Tras agotar las baratijas que llevaban para “comerciar” con los indios, decidió quemar sus naves para que sus hombres dejaran de pensar en volver y se decidieran a adentrarse en el imperio azteca. Estos, como todos los indios, eran sufridos y resignados. Todo lo habían conseguido con sumos esfuerzos y sacrificios. Tenían un sentido trágico de la vida. A los recién nacidos les recitaban poesías en las que se les avisaba que habían nacido para sufrir, ser infelices y recibir desgracias, tristezas e infortunios. Es normal que no tuviesen un gran apego a la vida, que estuviesen dispuestos al sacrificio, bien en honor a los dioses bien en el campo de batalla, lo que podría explicar su ascensión triunfal. Pero, como suele ocurrir, al establecerse sólidamente en el poder, las clases acomodadas comienzaron a disfrutar de los lujos, y a ceder, condescendientemente, el “honor” de los sacrificios a los más desesperados de la vida, los menos privilegiados. De forma que la aristocracia militar termina siendo inútil para lo que fue concebida. Según la leyenda, Quetzalcóatl (“La serpiente con plumas”) visitó la región de la aurora (es decir, de color de oro o rojizo, por donde sale el Sol, por el Este, por donde está España, al otro lado del océano) en la que desapareció en la rojez (la sangre) y se deshizo en humo a finales del primer milenio. Pero habría de regresar reclamando su trono. La inundación y ahogamiento de Ajuizotl parecía el primer presagio de que había llegado tal momento. Aquel año se conmemoraba el nacimiento y muerte de Quetzalcóatl: era el año uno, ce acatl, “primera caña”. En una época en que, en Europa (y entre los incas) los estudios eran privilegio de algunos ricos, segundones, los que no heredarían las tierras ni se dedicarían a guerrear, era asombroso que todos los niños aztecas, fomentado por la organización del Estado, tenían instrucción escolar, conocían la historia de sus antepasados, de sus soberanos y sus cultos religiosos.

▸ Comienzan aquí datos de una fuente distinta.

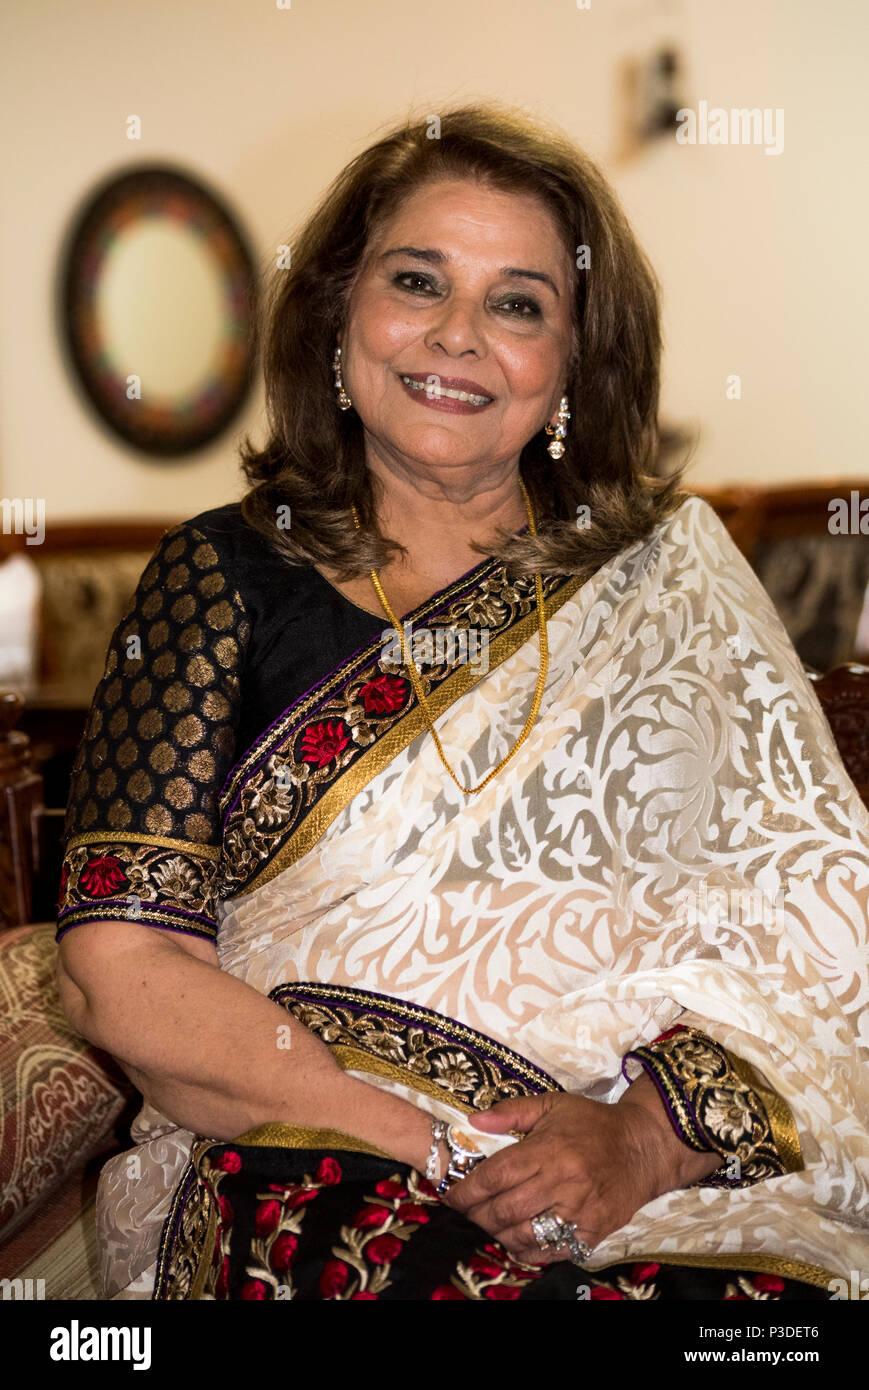 Pakistanische Schauspielerin Uzma Gillani, Auckland, Neuseeland Stockbild

En cuanto Jerónimo de Aguilar tuvo noticias del desembarco de europeos en la costa, huyó del poblado maya, en el que hacía de bufón y guardián del serrallo, y se presentó ante Hernán Cortés, que, de ésta forma, se encontró con un inesperado intérprete. Por si fuera poco, en sus correrías hacia el interior, un jefe tarasco, posiblemente en agradecimiento a los abalorios que le había regalado, le entregó a Malinche, una joven muy inteligente, que procedía de una zona de habla nájuatl, a la que sus padres habían vendido como esclava, por lo que Hernán Cortés se encontró con dos intérpretes, del castellano al maya y otra del maya al azteca. Así como información sobre costumbres, supersticiones y profecías aztecas, y cómo los pueblos dominados acumulaban odio por los oprobiosos impuestos que les hacían pagar. Al poco tiempo Jerónimo de Aguilar le enseñó castellano a Malinche, por lo que ésta pudo traducir directamente. Hernán Cortés encontró el primer “Grueso Cacique” en la ciudad totonaca de Cempoala, que podría tener unos 23.000 habitantes. Pactó con él su colaboración para luchar contra los aztecas. De esta forma, con su retaguardia protegida y contando con expertos tamanes, porteadores, que conocían los caminos y senderos, pudo avanzar con sus cañones hasta el valle de Méjico.